Nice to know immigrants’ children become expert spellers, but for the rest of us, spelling is a struggle. English is a whimsical language and it often inserts silent b, w, k at will, and doubles a letter for no reason at all, just to mention the least of the troubles. English has spelling rules, but the problem is that the rules are broken so frequently that you can’t help but wonder why bother to have rules at all.

If you ask me what’s the greatest invention of the 20th century, I wouldn’t go for airplane, spaceship, washing machine, movie, TV. Yes, you guessed it, my pick will be the humble word processor and its spellcheck. Without the modern Microsoft Word’s auto-correction and Google’s as-you-type spelling assistance, I would have gone crazy long time ago. It is still a mystery to me how people survived a writing task in English without word processors in the past.

When I was in graduate school, I knew a person who can spell, and she often mocked people in her department who cannot do the same. Although I agreed with her just to be on the polite side, I’ve always wanted to tell her that she is a little too proud of herself. Of course I never told her that, and would never dream of doing such a thing. I am a polite girl and I want to keep it that way. Still I have my private opinions.

Mark Twain once said that to misspell a word is to display your imagination. Not exactly his word for word, but something to the same effect. Not just misspelling. Many of our faults originate from our imagination, don’t you think? Our anxiety for example. It often happens that the anxious type suffer deeply from their own imagined disasters. Lovers’ jealousy, for another example. So if your spelling is not good, like mine, “bee” positive and don’t “bee” too hard on yourself. You have the imagination to misspell, the compassion to live with imperfections, and the resilience to bounce back from language disasters no matter how humiliating.

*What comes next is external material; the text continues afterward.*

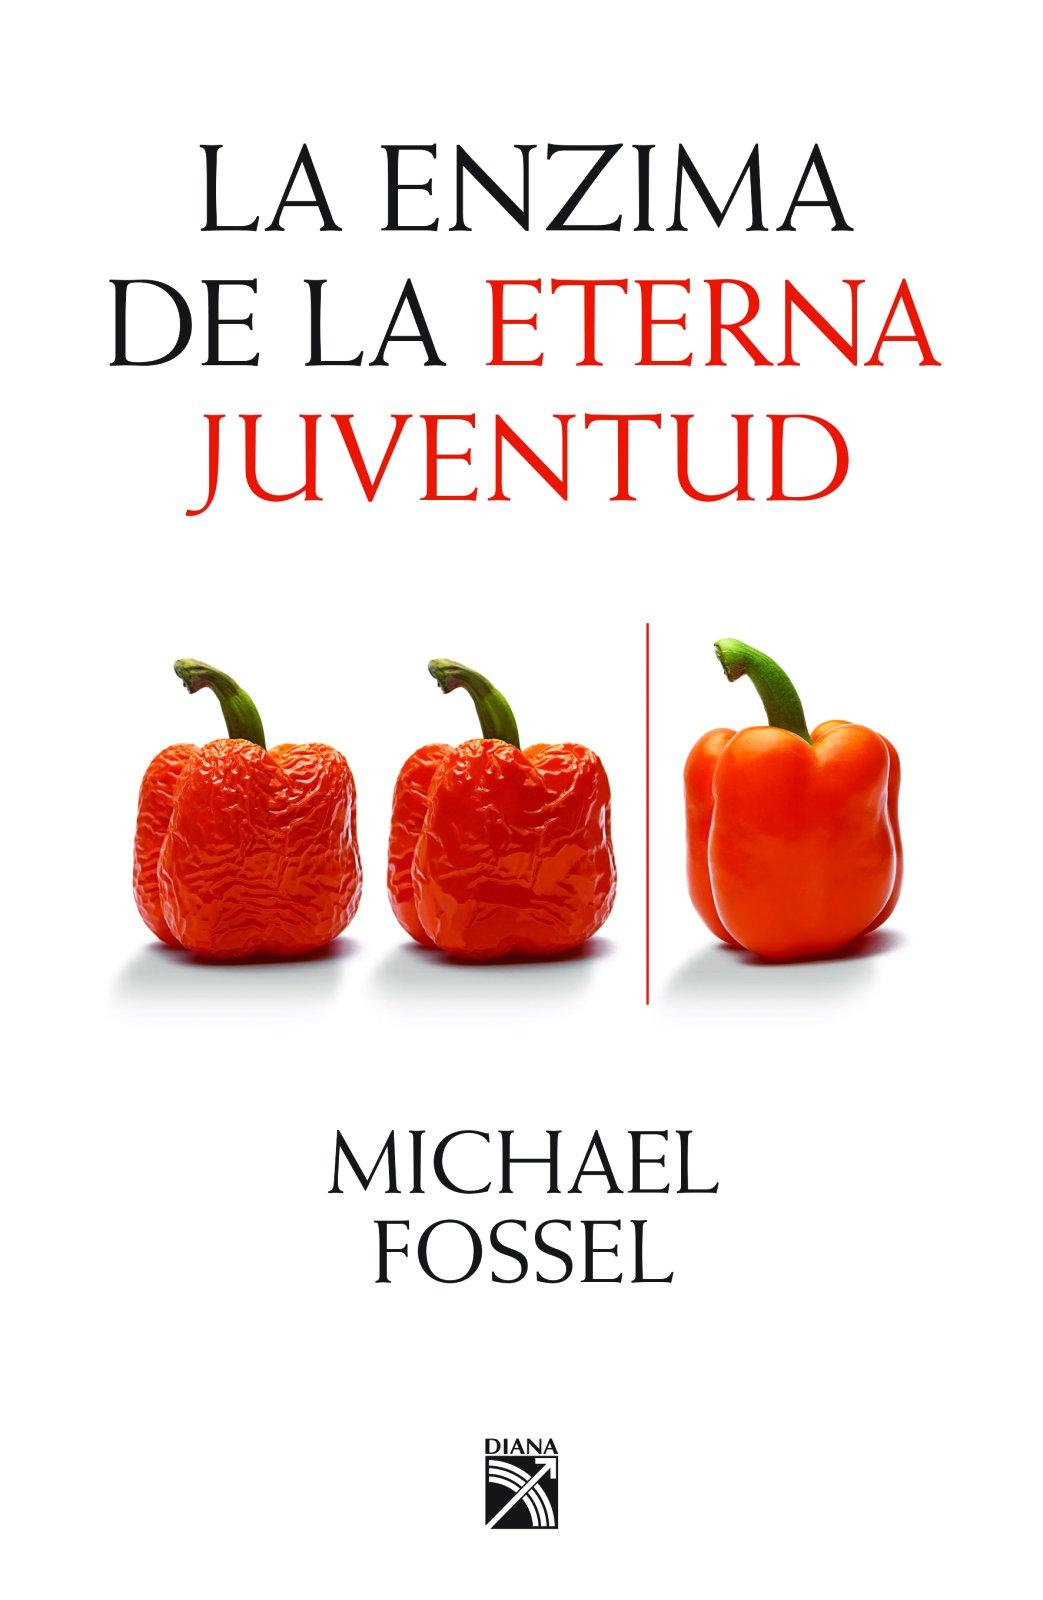 La Enzima de la Eterna Juventud: Amazon.es: Michael Fossel ...

17 thoughts on “Bee Positive, Bee Yourself

  1. Because of dyslexia i do spell things wrong, thankfully there’s auto correct lol without a phone or computer my spelling would bee a lot worse, also theres the punctuation police that sometimes laugh at my writing lol brilliant blog post my lovely blog friend.

    Liked by 1 person

    1. Thank you for reading. English spelling is very challenging and with dyslexia, it is even more challenging. Thankfully, the greatest of all inventions–auto correct–comes to people like us. Yes, my fellow sufferer and blogging buddy, we thrive despite the laughter of the punctuation police. LOL.

      Liked by 1 person

  2. This is a very awesome topic my friend 👍💙😂.

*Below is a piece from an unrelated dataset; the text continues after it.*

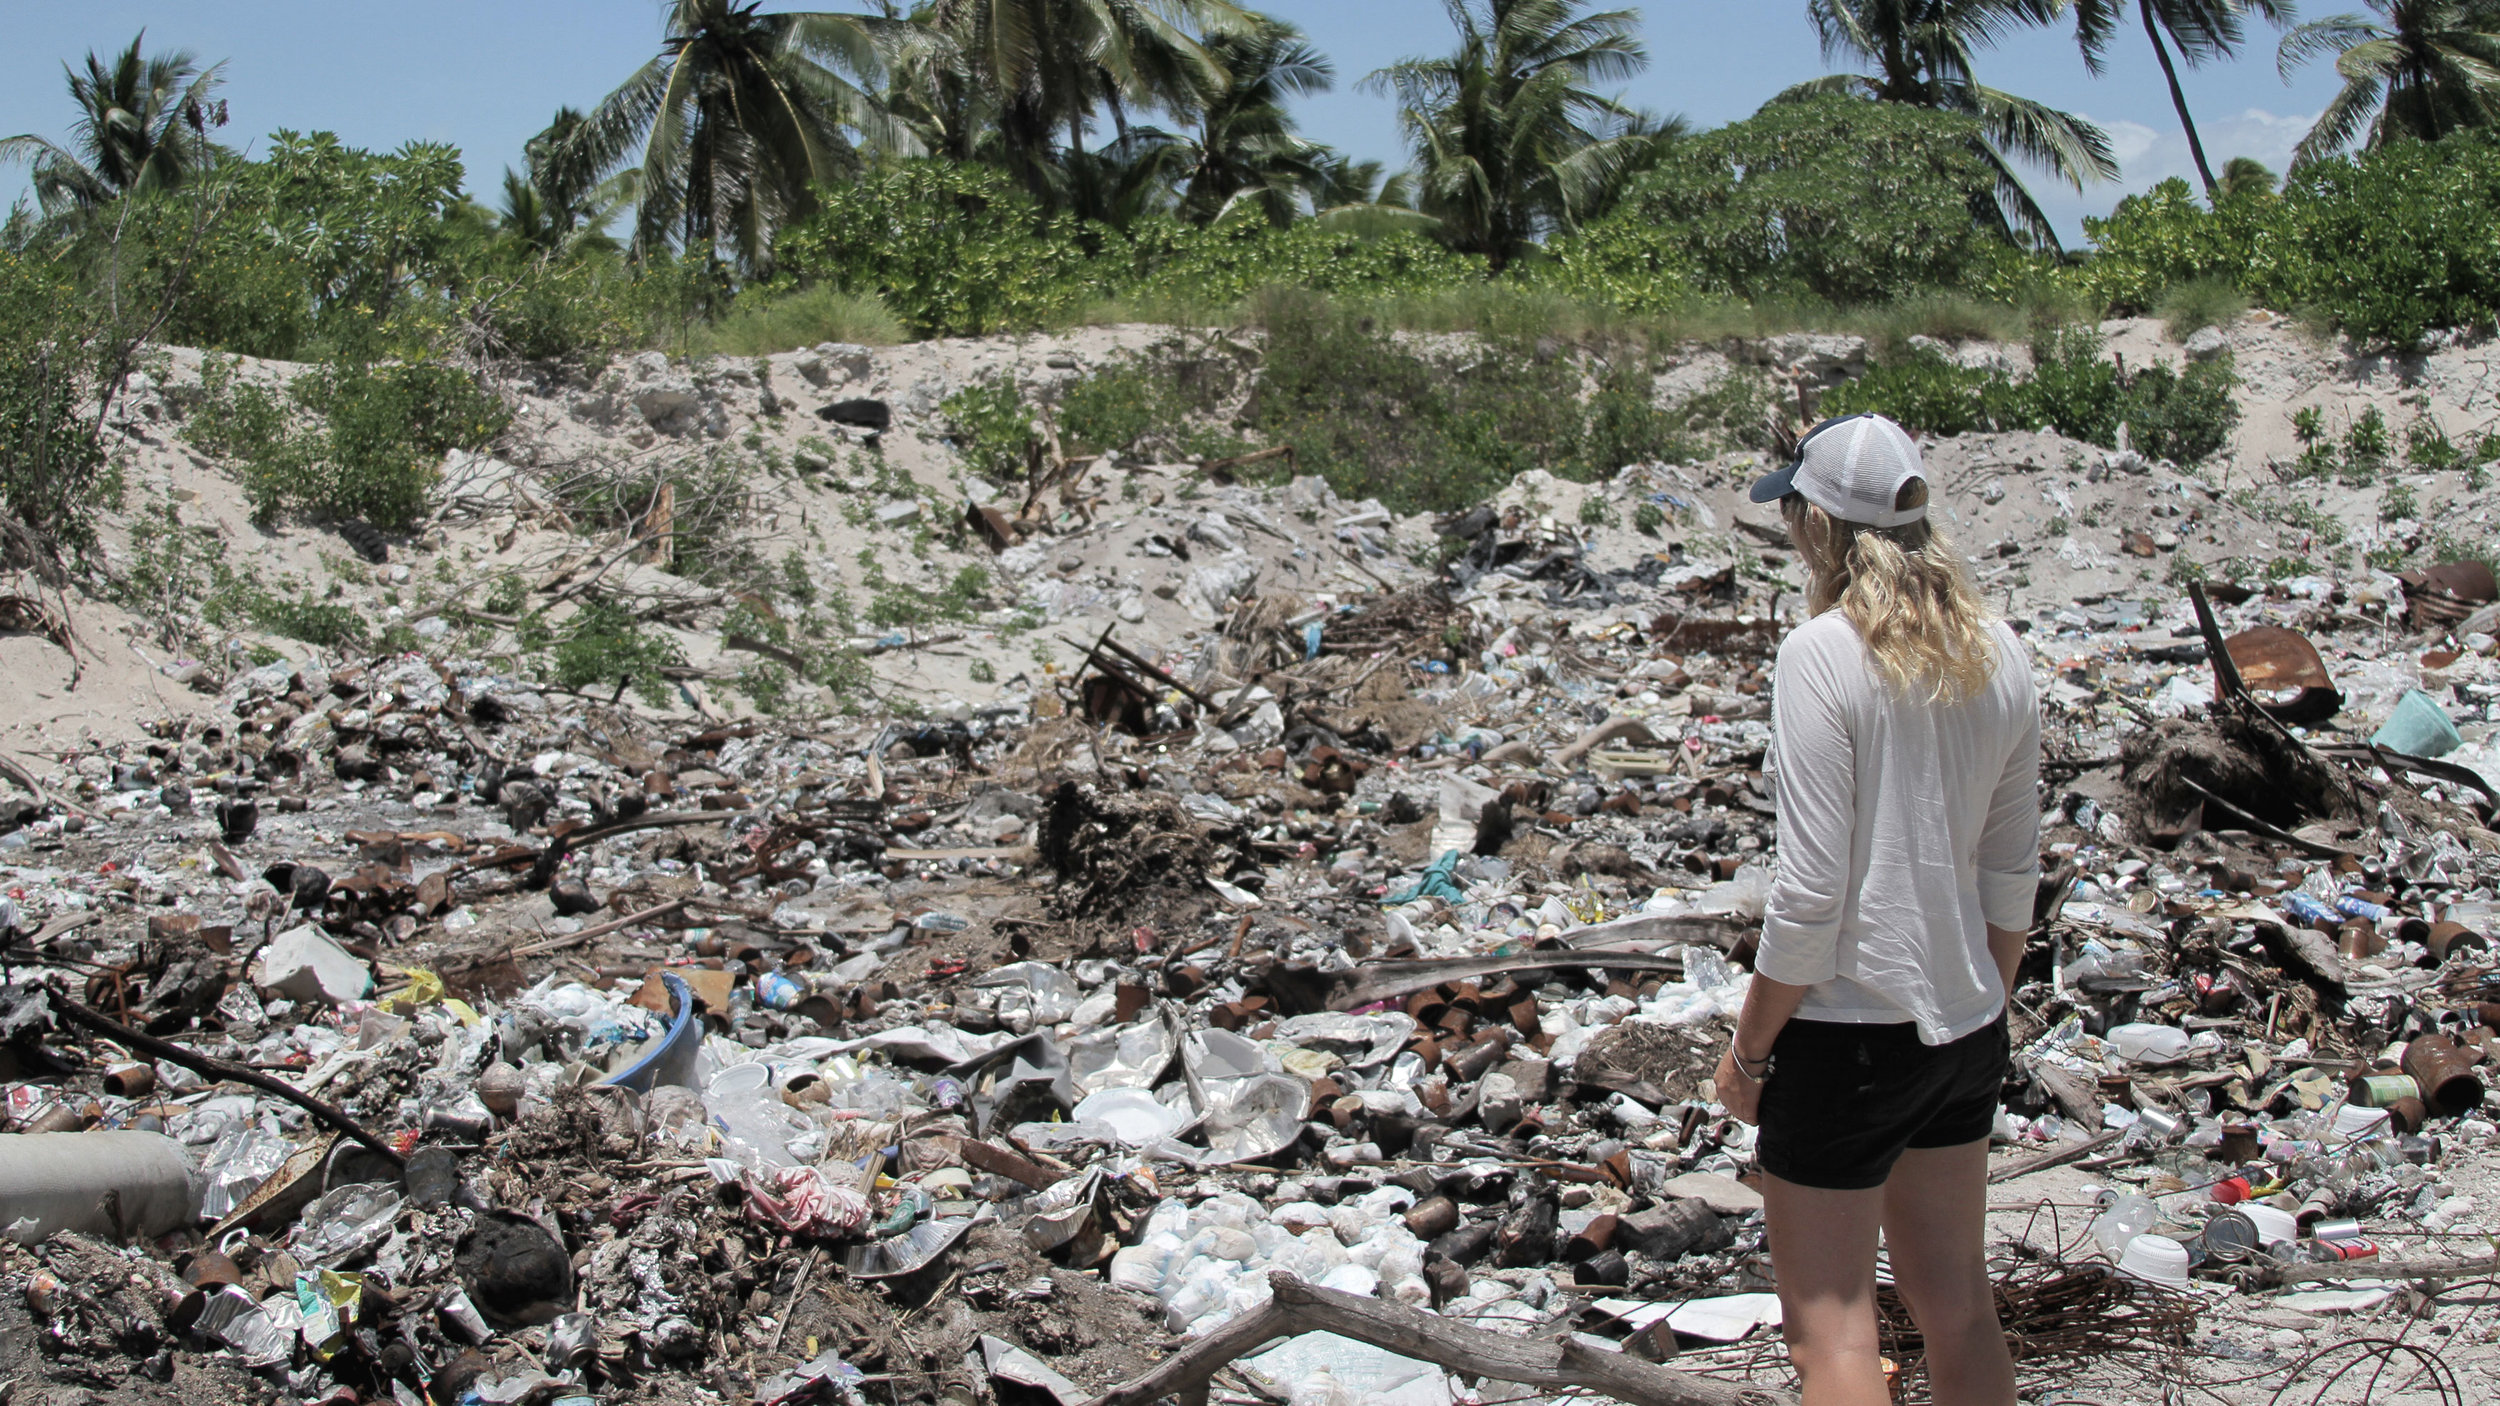 Kiritimati-Island-dumping-site---Kiribati copy.jpg

    I believe that there is a time and a place for everything, so if you are conducting business or something of a serious nature in written form, it’s best to stick with standard English as much as possible, that way, you are more likely to avoid writing something that gives people the wrong impression — you want to structure your writing in a way that keeps it in context, and sometimes one word being spelled incorrectly can throw the point of your whole message off lol

    Otherwise if you are just talking casually or interacting with friends or having discussions for the fun of it, the use of a ton of dialect and slang is usually just fine, and incorrect spelling wouldn’t matter as much hahaha. It’s all about knowing when and where 😂

    Liked by 1 person

  3. When you have a language that is comprised of old German, Latin, a little of Greek, and even Norse then of course you have a language that’s inconsistent with spelling and grammar.

    That’s why there is one goose and two geese, but not one moose and two meese.

    Liked by 1 person

  4. Ha..ha..ha. I can relate to the post. I’m not good at remembering the right spelling and the right word. Sometimes, I invent a new word by mistake.
    Anyway, I love to write about the idea which I love so much. Expression and communication is more important, I think.